Buckley’s claw wrapped around the knife handle. Blood leaking sluggishly, he jerked it out and tossed it into the snow. Buckley cocked his head to the side, white eyes gleaming. This time it was going to bite something unarmored, and that would be the end. Earl got ready. The least he could do would be to shove them both into the blades while it was distracted eating him. “Nobody eats me and gets away with it.”

Something moved in Earl’s peripheral vision. It took a moment to focus past Buckley’s gleaming teeth to see that the stainless-steel lid of the prison-coffin was dangling, broken and open inside the rolled-over pickup. Earl had never seen a red werewolf before.

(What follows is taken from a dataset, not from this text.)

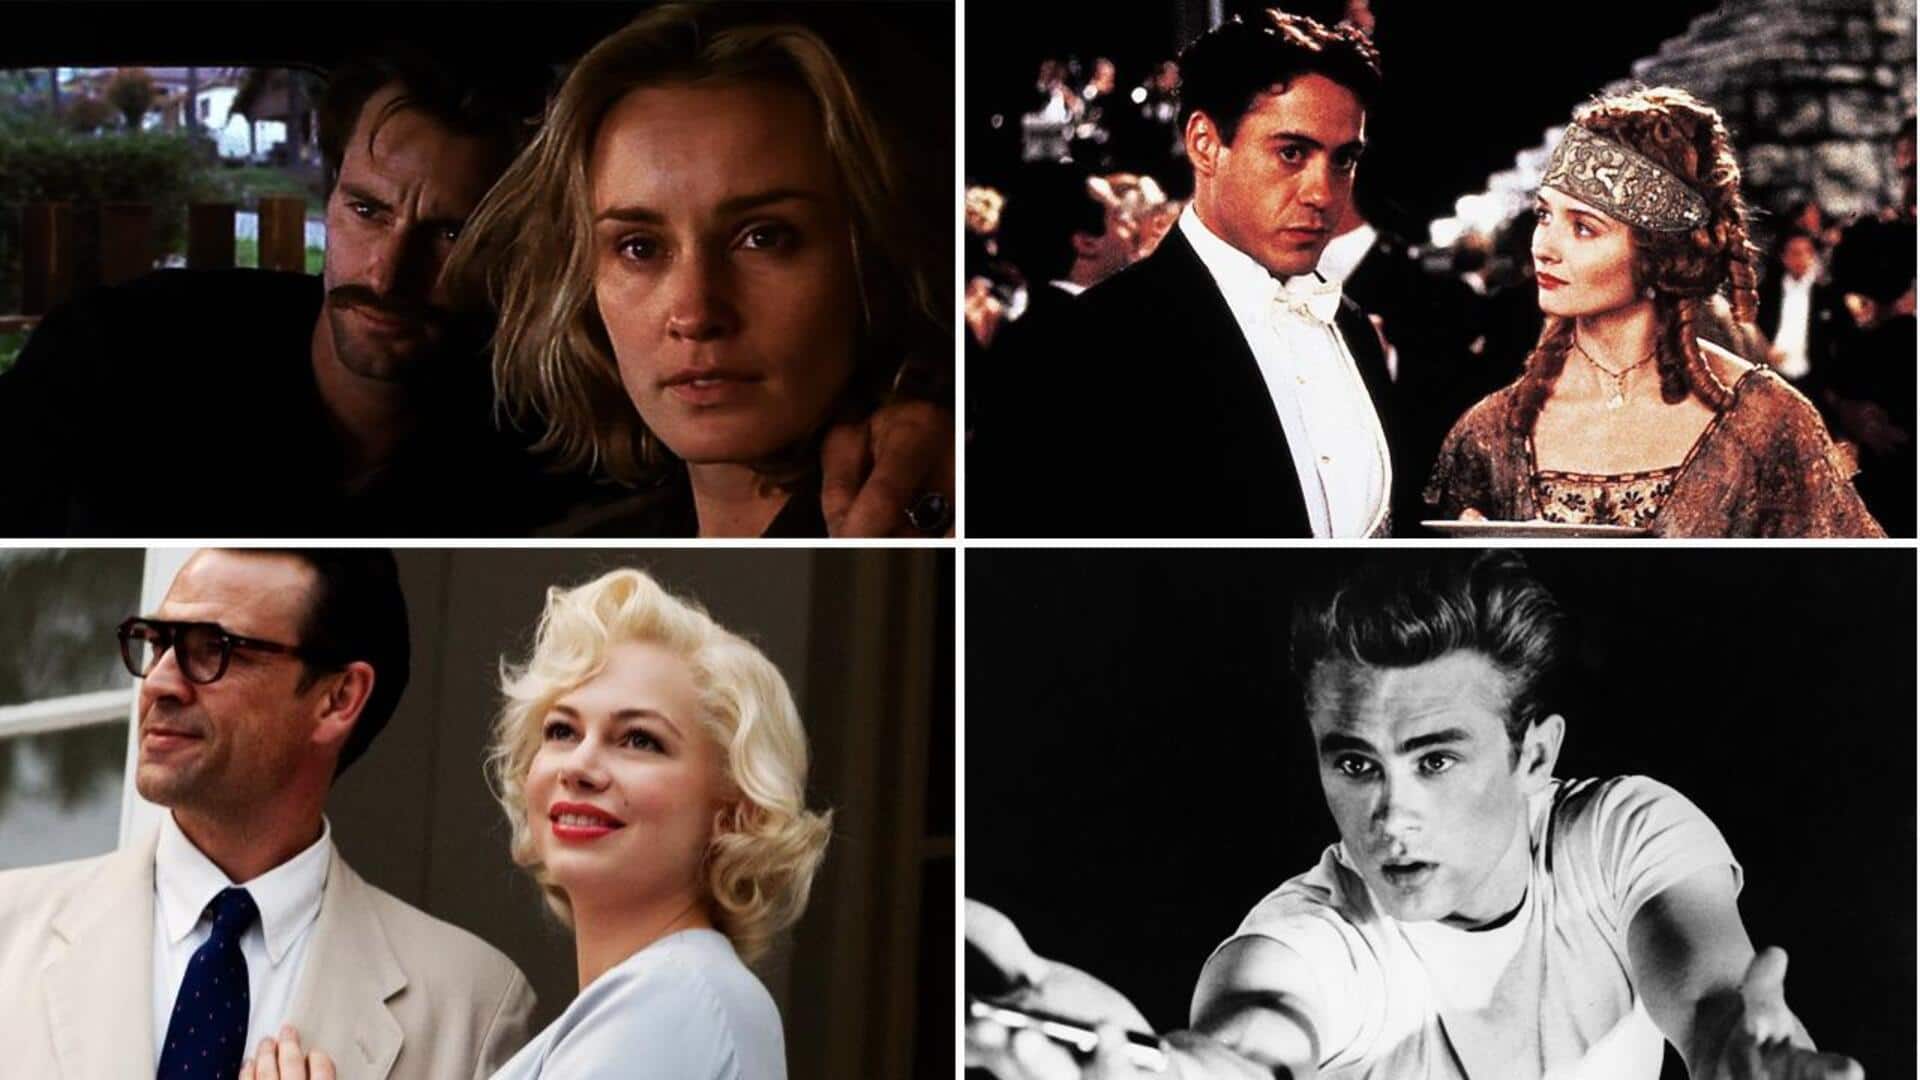 Hollywood biopic based on famous actors

Buckley didn’t know she was there until it was too late. Claws flashed from the right, from the left, flaying Buckley’s back open. He turned, stepping off Earl, as Heather cleaved him twice more, crossing an X of lacerated flesh clear through his ribs. He raised one arm, and she batted it down. The other came up, and she took it off cleanly at the elbow. Buckley’s hand spun off into the night.

A
vulkodlak
was no match for a
real
werewolf.

Heather lashed out, spraying blood across the yard. Buckley was crumbling, falling, but that wasn’t enough. Heather was out for
murder
. She slashed his throat clear to vertebrae, then sunk her fingers into his neck, down, until she caught his sternum, and using it like a handle, hurled the
vulkodlak
into the roaring blades. Buckley simply exploded. One instant he was there; the next he was replaced with a rapidly expanding cloud of meat. A second later blood belched out the top spout, spreading a fine mist of Buckley into the air.